Assignment:
Without the pictures, copy all of the data exactly.

Data excerpt:

----

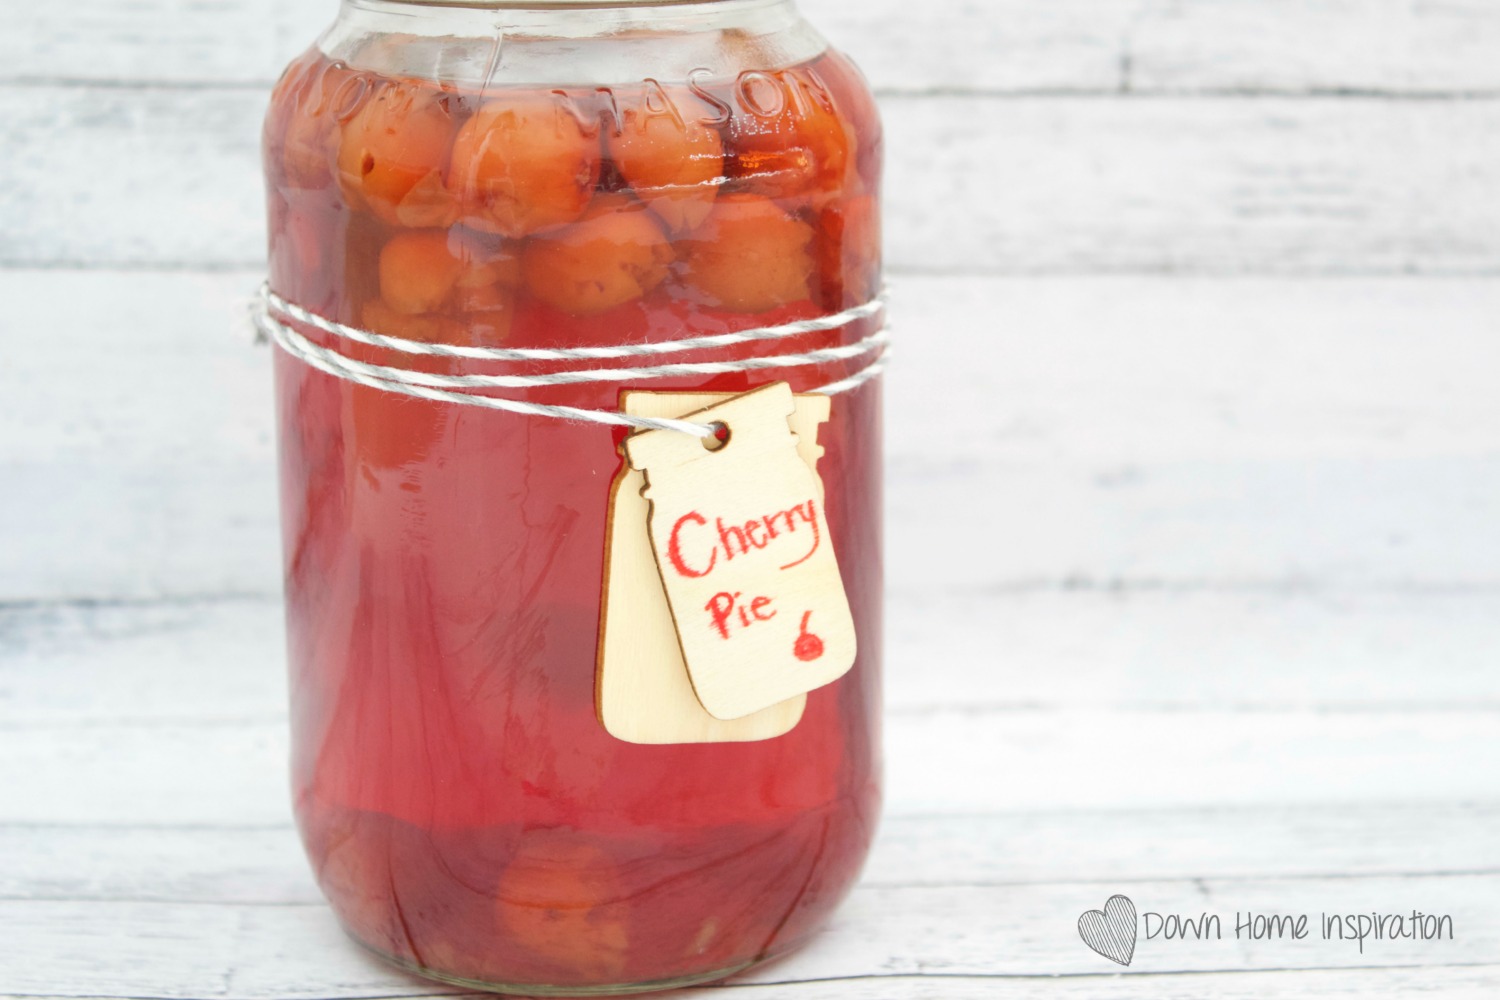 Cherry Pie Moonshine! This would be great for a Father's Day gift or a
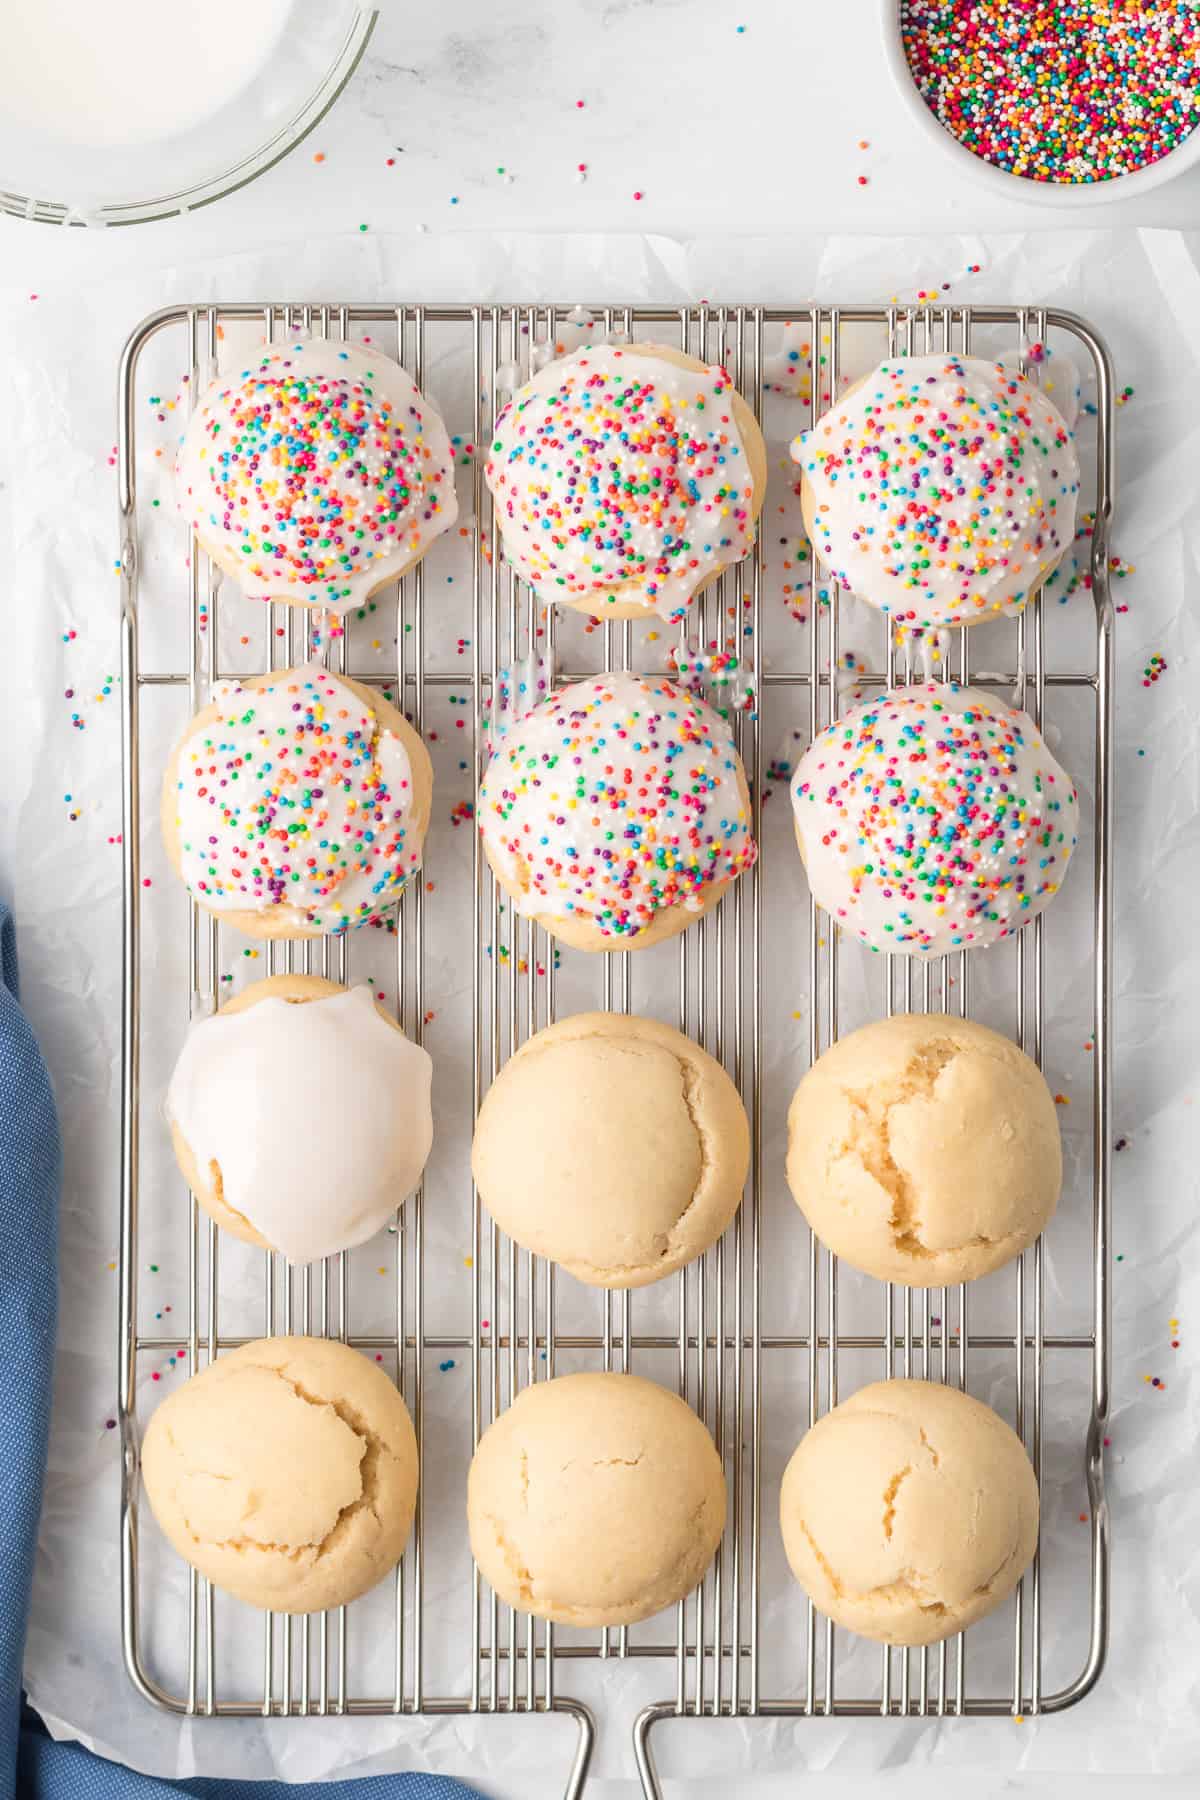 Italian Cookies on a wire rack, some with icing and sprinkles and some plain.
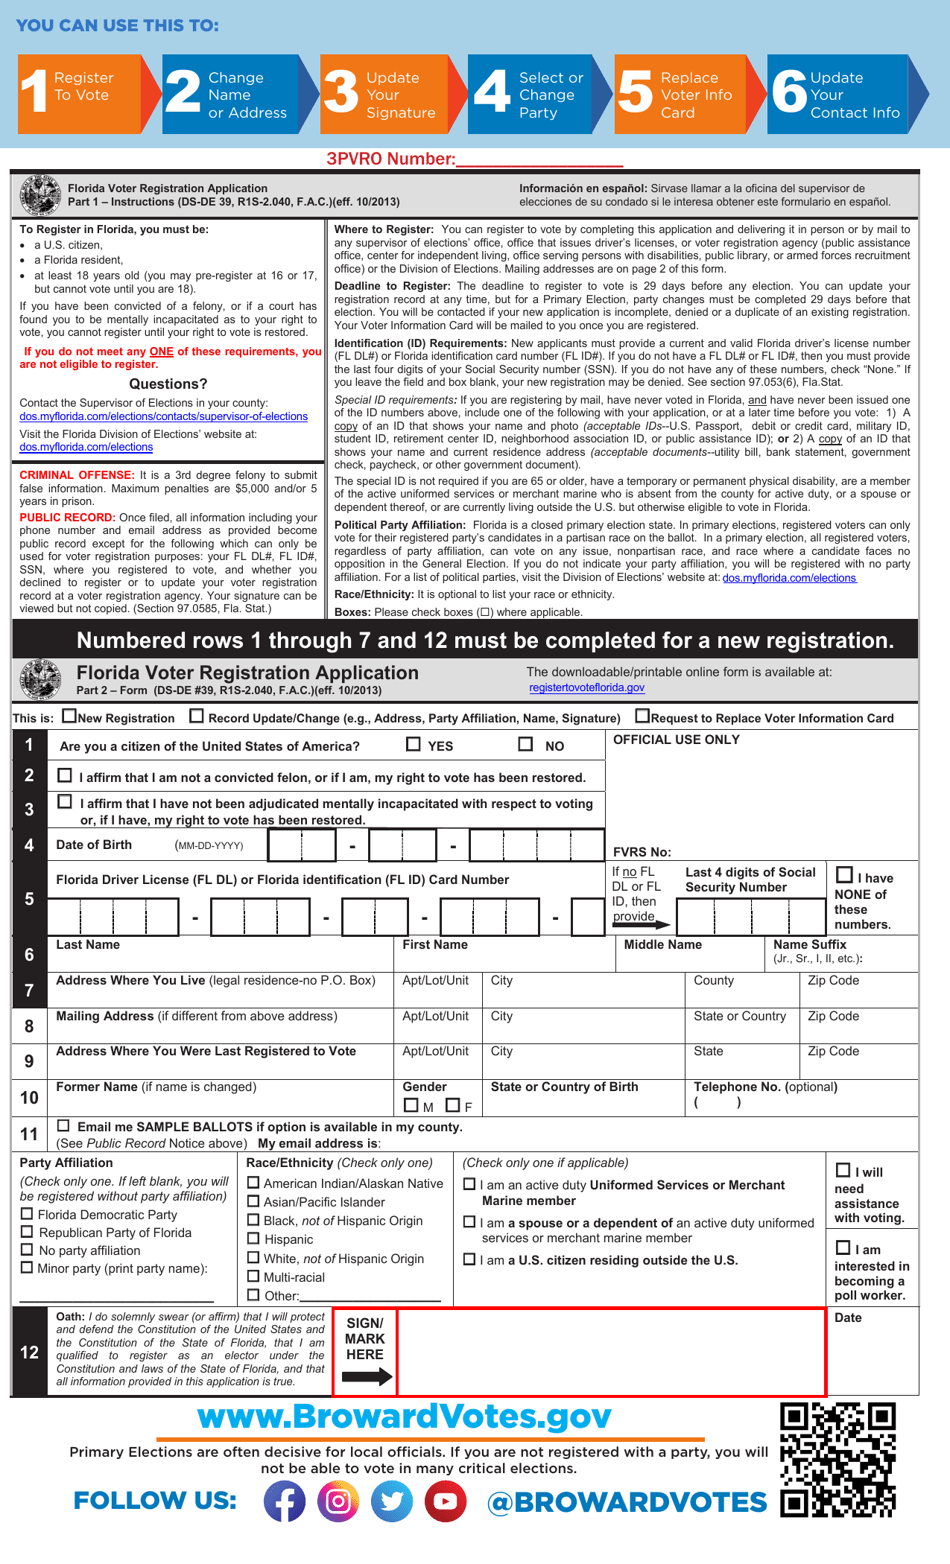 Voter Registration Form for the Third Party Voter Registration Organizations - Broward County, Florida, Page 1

----

Response area:
 Cherry Pie Moonshine! This would be great for a Father's Day gift or a
 Italian Cookies on a wire rack, some with icing and sprinkles and some plain.
 Voter Registration Form for the Third Party Voter Registration Organizations - Broward County, Florida, Page 1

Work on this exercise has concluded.